During his tenure at Loyola, Horne has also conducted extensive research on the German composer and pianist Johannes Brahms and shared that work widely both within and beyond the Loyola community. Horne has served as a member of the Board of Directors of the American Brahms Society since 2001; served as editor or co-editor of the Society’s semi-annual newsletter since 2002; and published numerous articles and essays on the composer and his works.

“He is not only an exceptional mentor and teacher, but also a master in music composition,” Manganaro said. “He always has an open door to answer questions big and small, and, has in many cases continued to serve as a mentor even to those that have advanced from Loyola.”

Former students praised Horne’s character, musical abilities, careful ear and commitment to excellence, adding that he lived St. Ignatius of Loyola’s belief of “finding God in all things.” They cited his unique abilities in teaching and inspiring students to a respect for music history, musical styles, genres, general historical trends, the development of musical forms and compositional devices throughout history, while also teaching them to compose and elevate the levels at which they perform.

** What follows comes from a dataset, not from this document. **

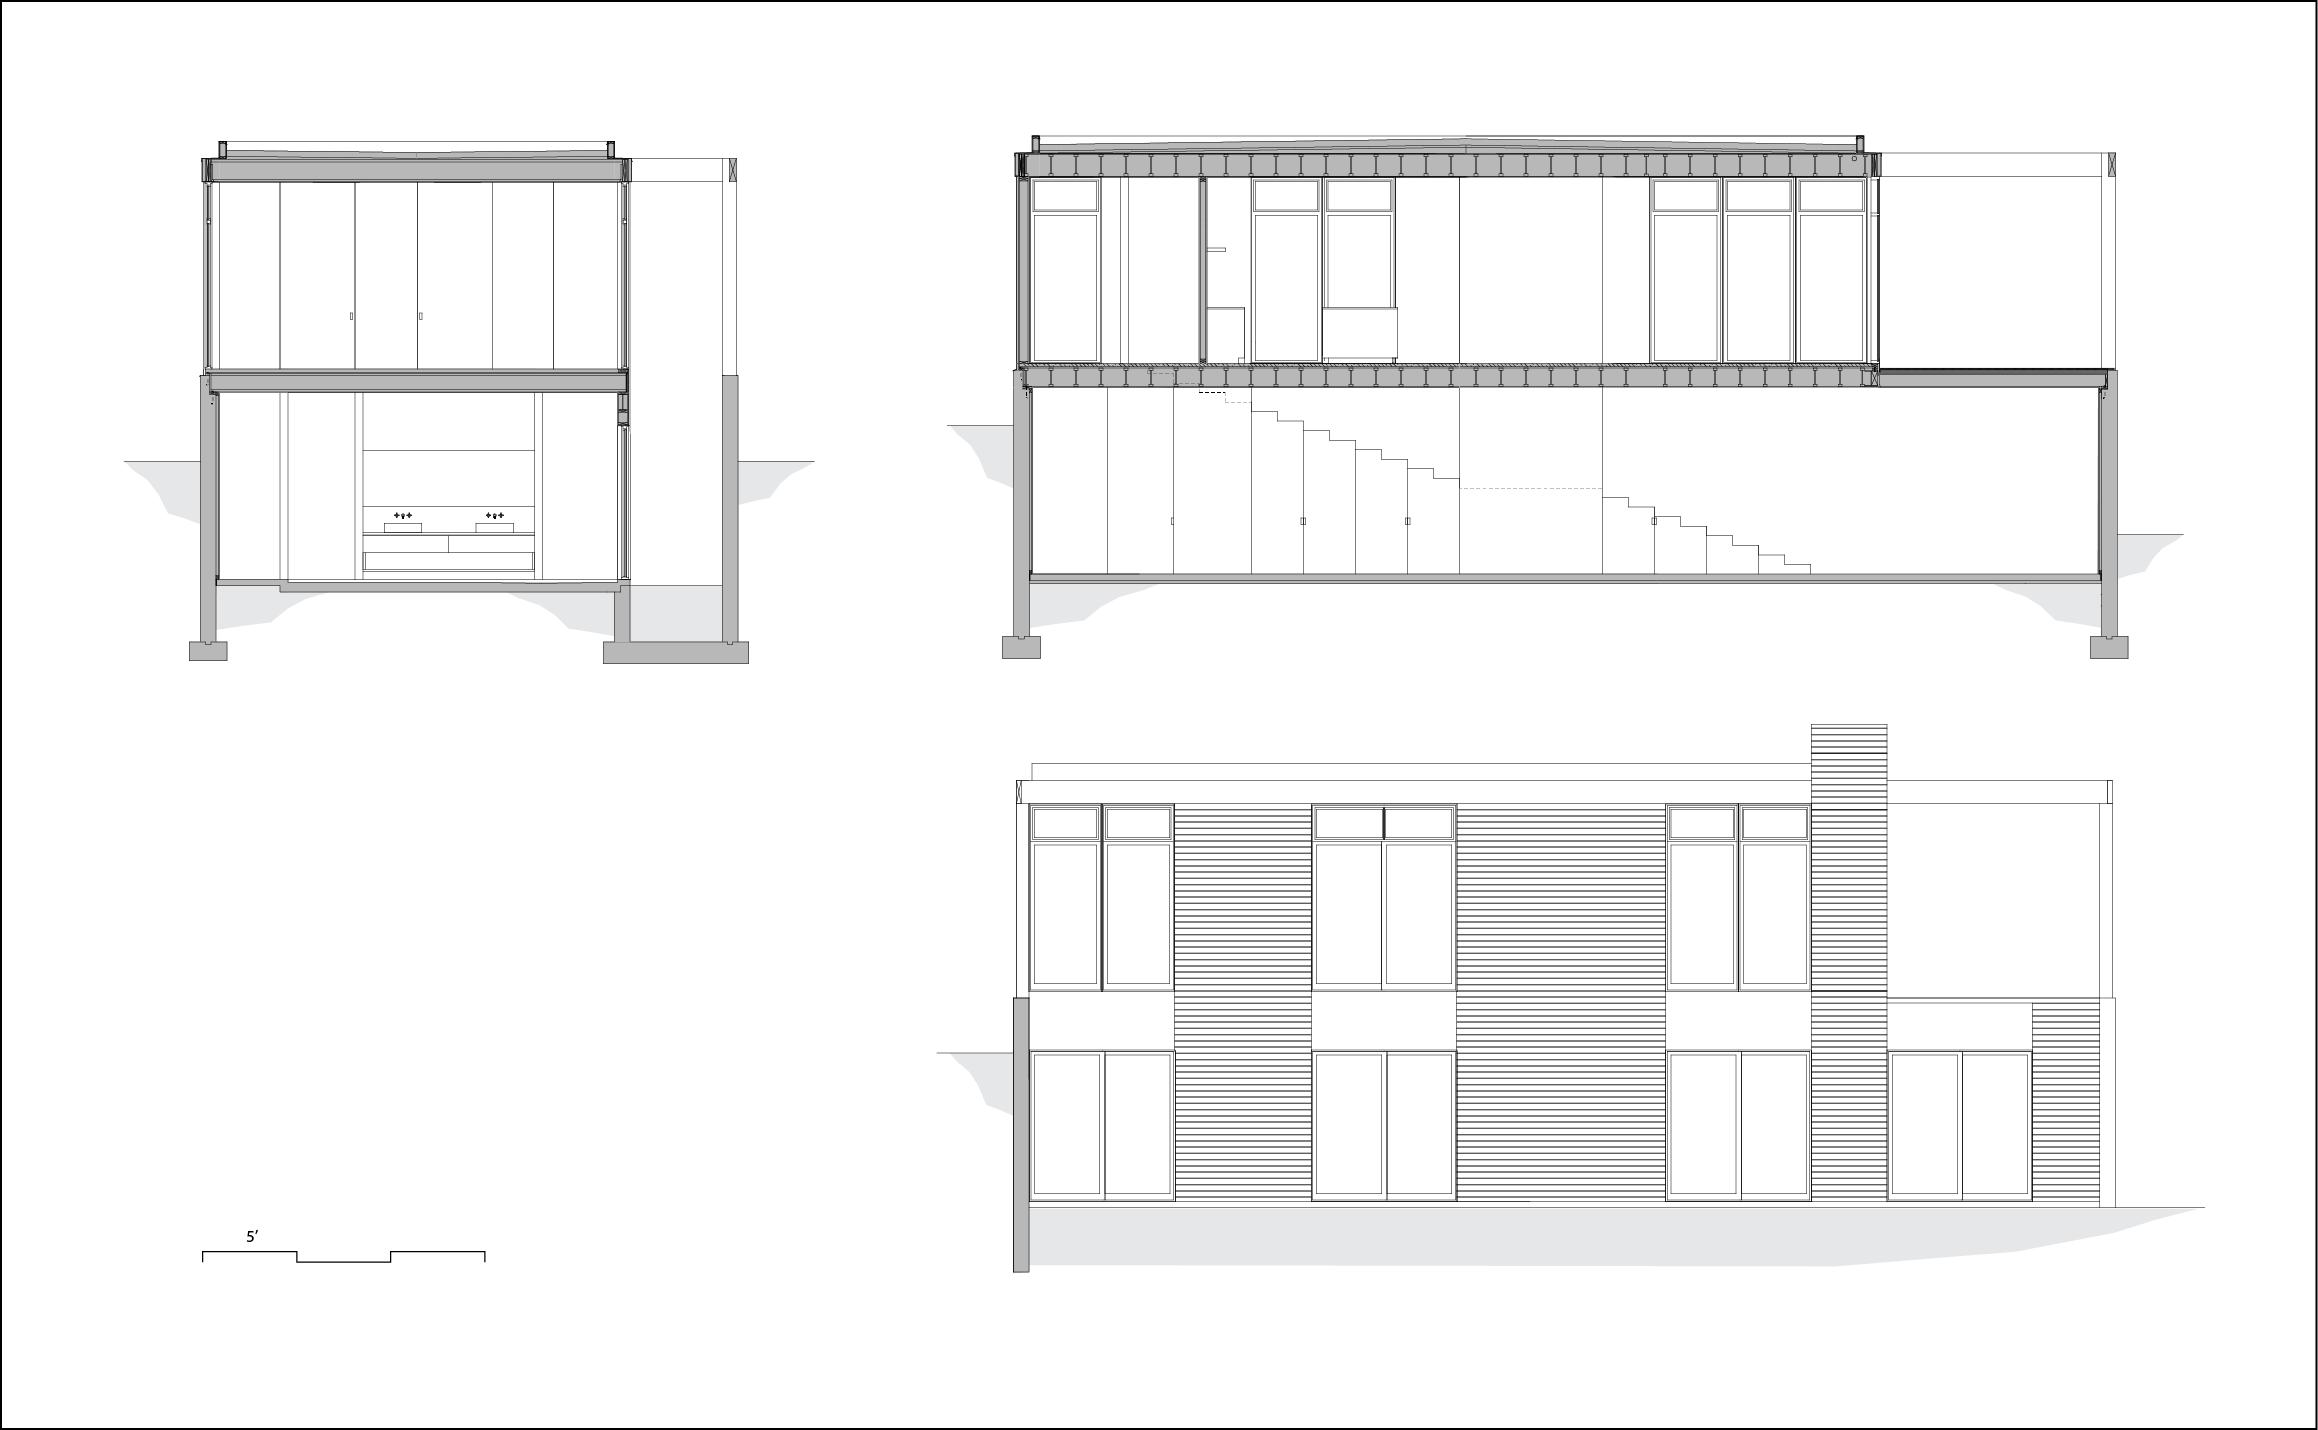 wellfleet-sections.png
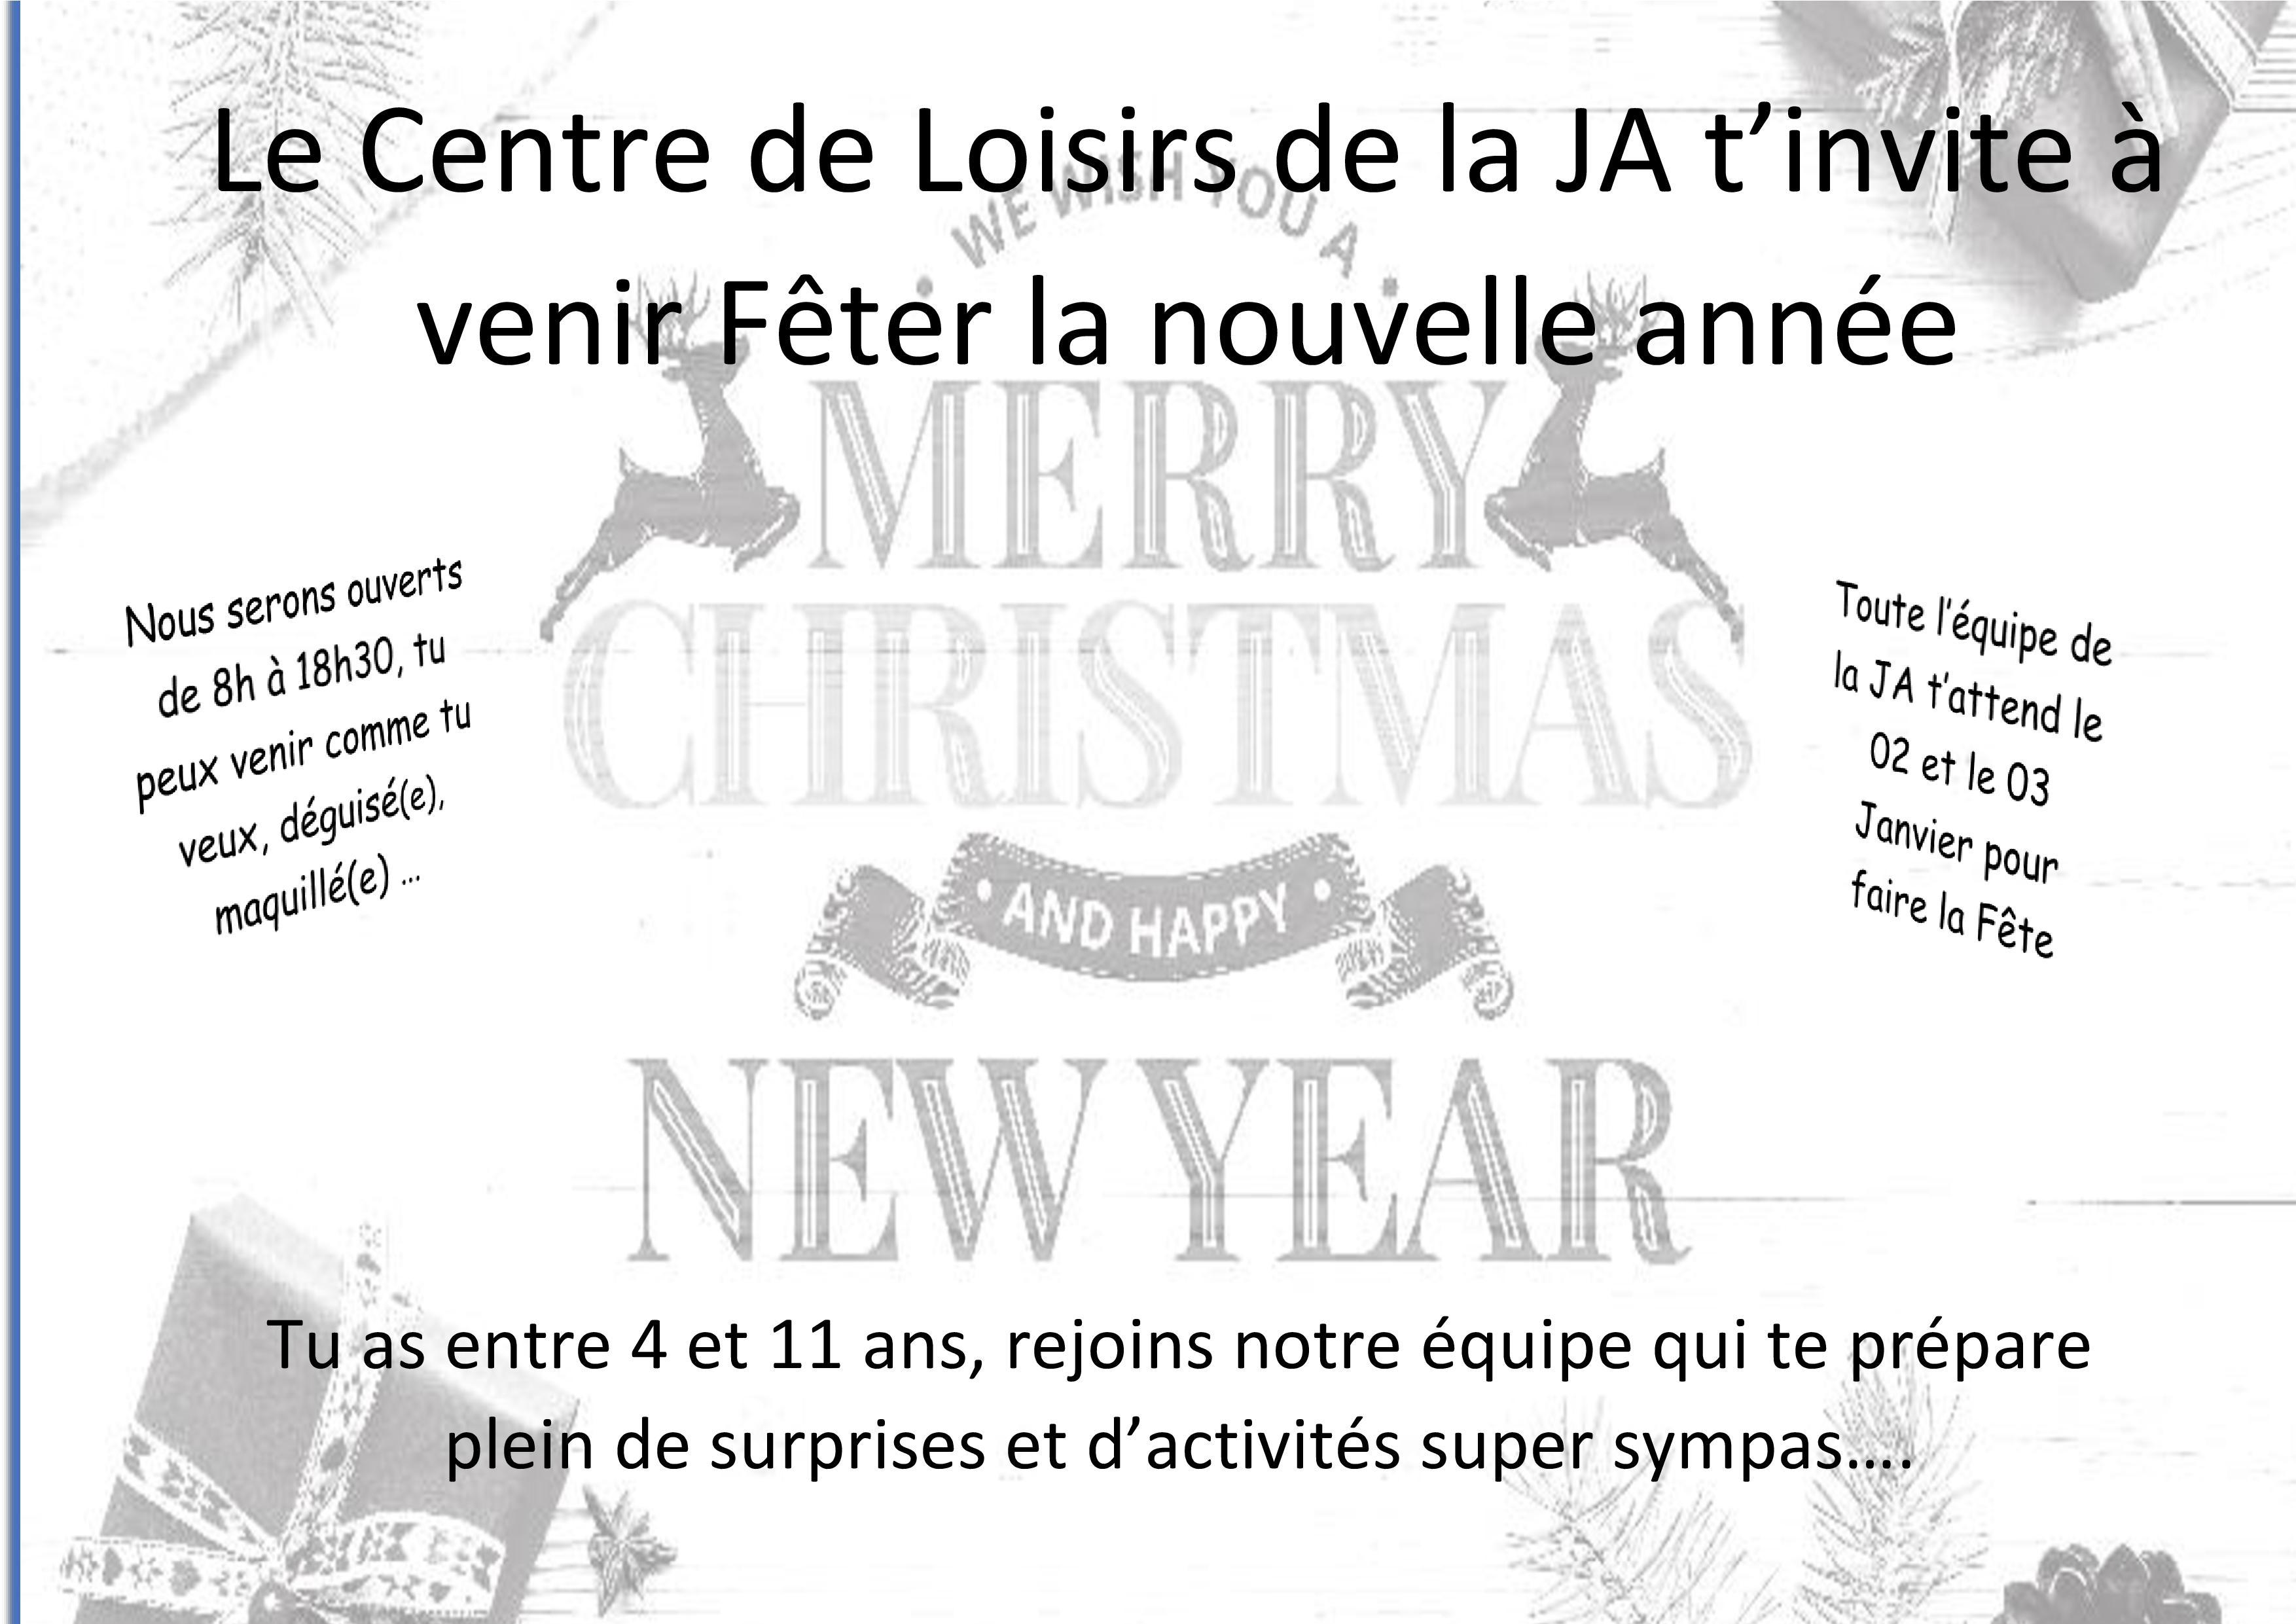 Vacances de Noël 2019-2020

“He is a living example of an outstanding mentor who is not only expert in his field, but has, by his example, inspired his students and colleagues over many years,” wrote a former student who cited Horne as the most dedicated and conscientious teacher he’s ever known. “His erudition, genius, and love of teaching sets the highest possible standard for Loyola University faculty.”

Another student stated that Horne is “the kind of teacher who challenges you to work towards goals you didn’t even know you wanted to achieve,” while an alumnus said that Horne’s “investment in students creates an environment in which creativity and critical thinking are of equal importance, enabling the creativity, skills, and theoretical knowledge necessary for a composer to develop in perfect unity. His work at Loyola perfectly embodies the Jesuit ideal of educating the whole person.”

In addition to being extraordinary in his field and mentorship, Horne is also well respected by his peers, Manganaro said. He has been elected and re-elected to several committees as often as he qualified for rotating terms, a clear sign of the respect he has gained among his colleagues for his honesty, transparency, and collegiality.

Horne received a Bachelor of Music degree in Piano and Composition from Florida State University in 1974; a Master of Music in Composition from Yale University in 1976; and a Doctor of Musical Arts degree in Composition from the University of North Texas in 1983. He has served as a Professor of Theory and Composition at Loyola since 1976. Horne has also served as an organist for Christ Episcopal Church and First United Methodist Church of Covington, as well as organist and choir director of St. Andrew’s Episcopal Church of New Orleans.